Après l’improvisation finale en crescendo vers l’aigu de l’orchestre symphonique, un ultime accord synchrone de quatre pianos et harmonium clôt ensemble, sur une longue séquence de quarante secondes, cette journée de vie, apaisement final du sommeil et du rêve qui s’annoncent ; ou, dans cette note en écho qui s’affaiblit pour s’éteindre enfin, comme une métaphore de notre finitude, la disparition inéluctable que la destinée pour tout être, inexorablement, accomplit en point d’orgue.
Car les deux parties de cette double chanson, d’une durée inédite de 5 minutes 30, qui enchâsse la composition de Paul Mac Cartney « Woke up, fell out of bed, Me suis réveillé, tombé du lit, etc. » dans celle de John Lennon, exploit inédit musical et technique, reliées entre elles par le maelström des instruments symphoniques, va bien au-delà de la simple lecture des derniers faits-divers des journaux et de la routine des jours qui fuient.
C’est en fait une réécriture du monde - le rôle de toute poésie - par l’inventaire de nouvelles sans rapport entre elles, en une mécanique automatique, cadavre exquis des Surréalistes, qui atteint son summum avec « Now they know how many holes it takes to fill the Albert Hall, Maintenant, ils savent combien il faut de trous pour remplir l’Albert Hall ». Ou avec l’incise inattendue « I'd like to turn you on, J’adorerais t’exciter », double allusion au désir du sexe et à la prise de drogue.
Le subtil arrangement de la mélodie propulse en outre ces récits du quotidien dans une dimension fantastique. Simple accord apaisant de guitare de l’attaque de Lennon, accompagné d’un piano et de la rythmique discrète de Ringo Starr à la batterie puis du chœur du quatuor des Beatles, Fabulous Four ; et dans le sertissage de la seconde partie, l’accélération haletante d’un Mac Cartney pressé et en retard qui se termine par le retour de Lennon, l’improvisation désordonnée du grand orchestre et la longue tenue d’une note dans un final d’exception.

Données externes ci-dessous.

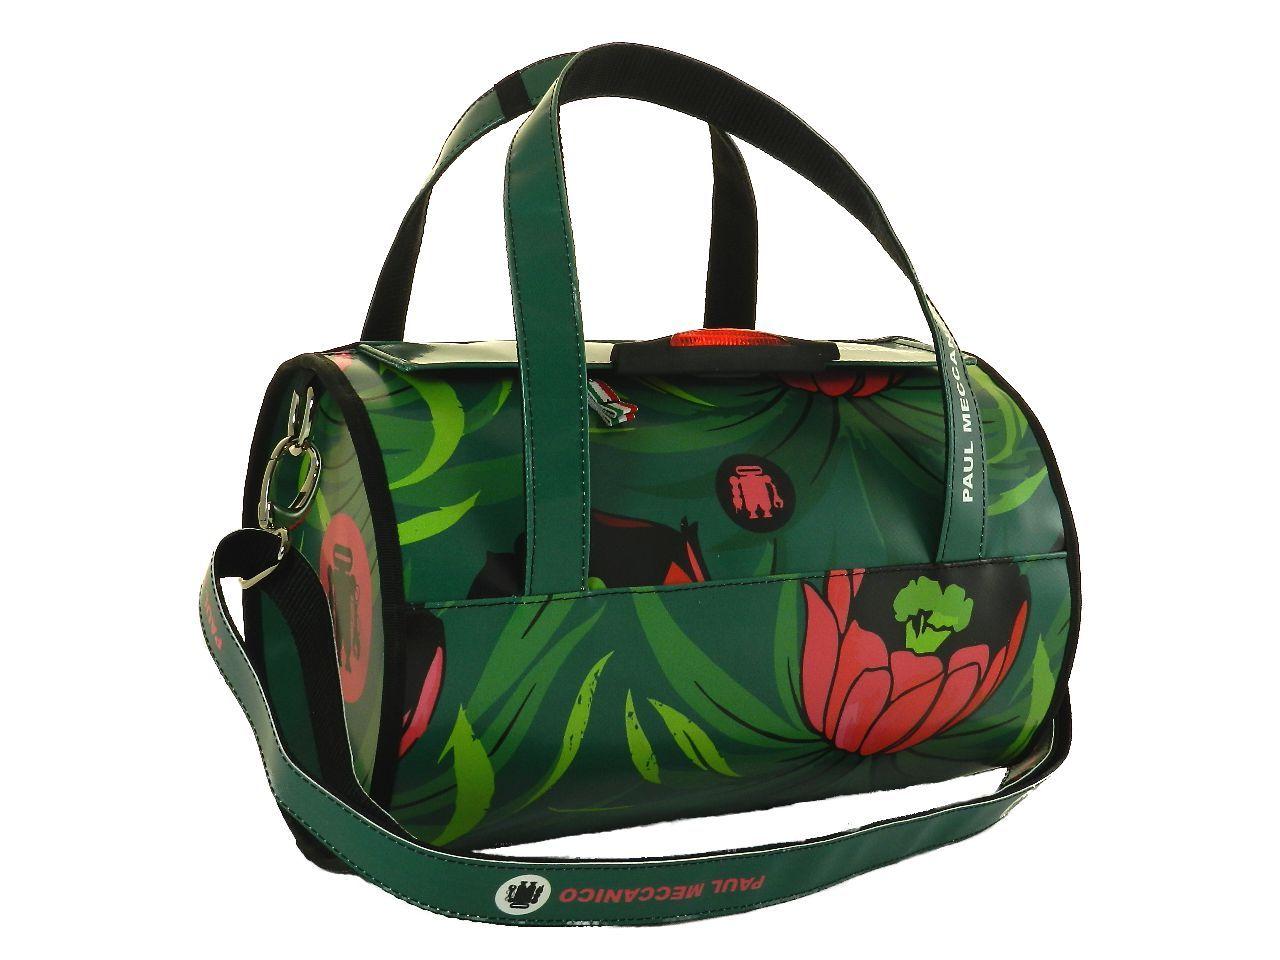 4fcf52f1f7 Borsa bauletto donna color verde con fantasia bosco. Pezzo unico al mondo  by Paul Meccanico.
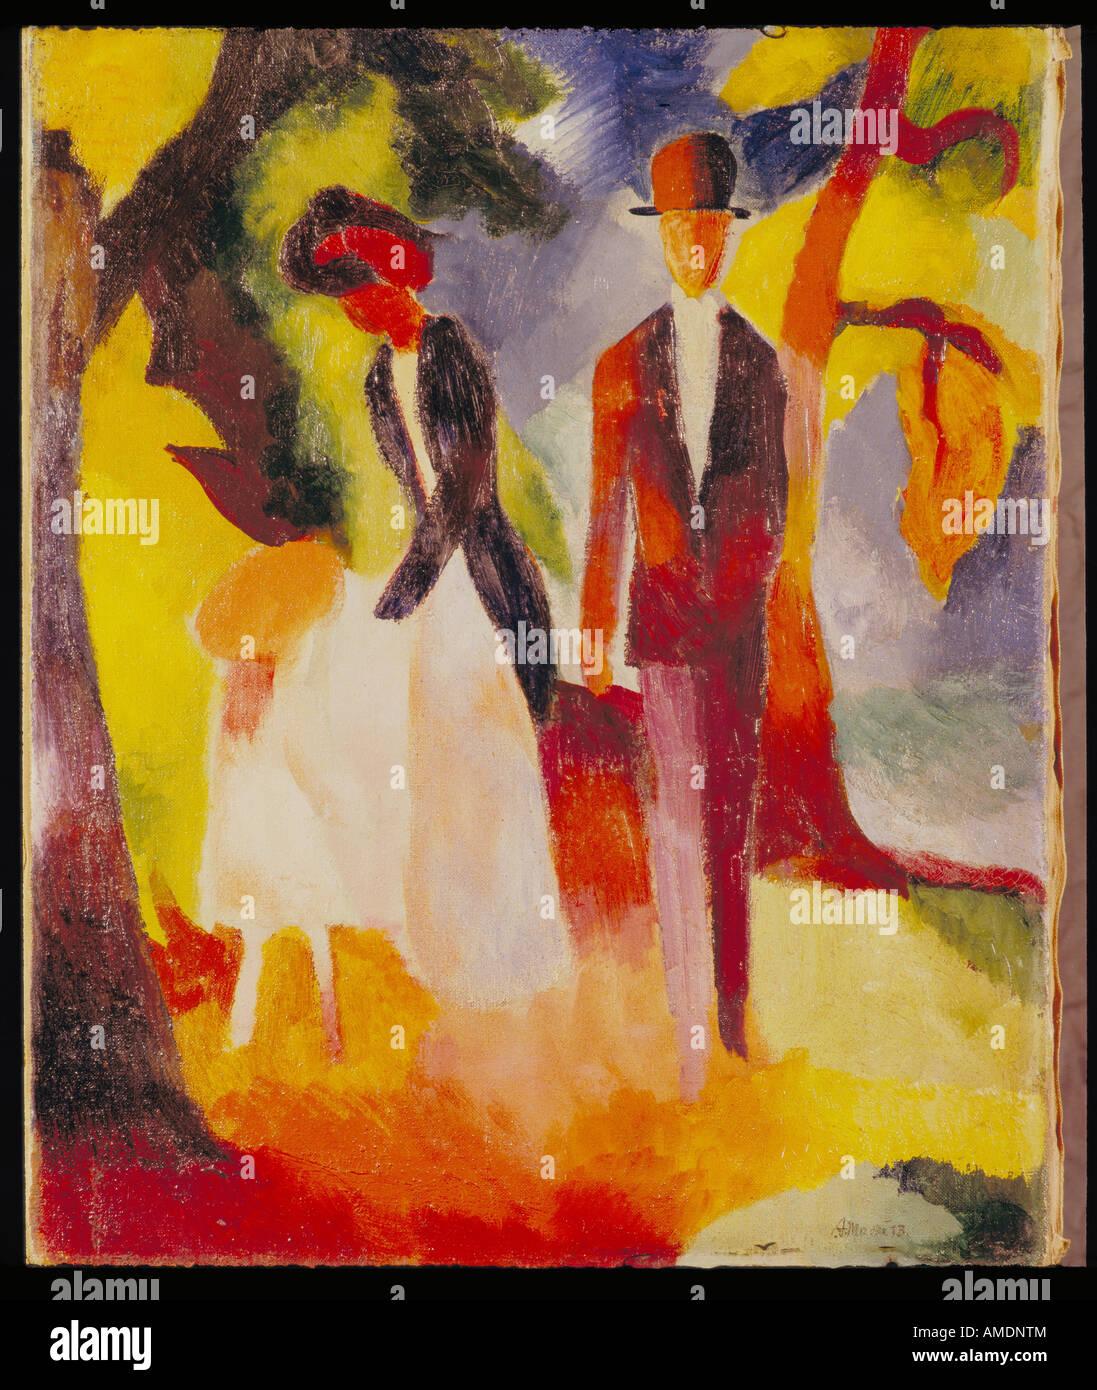 """Beaux-arts, Macke, August, (3.1.1887 - 26.9.1914), peinture, 'Leute am blauen See', 'Les Gens au lac bleu"""", 1913, Banque D'Images"""

« Quelqu'un qui n'aime pas A Day in the Life, je ne peux rien faire pour lui. » vient d’écrire l’historien du rock Yves Bigot, pour lui une évidence ( le Point, 10 avril 2020).
Une chanson hors du temps, pierre précieuse de l’album historique Sergent. Pepper's Lonely Hearts Club Band de 1967. Presque soixante ans déjà : qu’importe, les diamants comme on le sait sont éternels.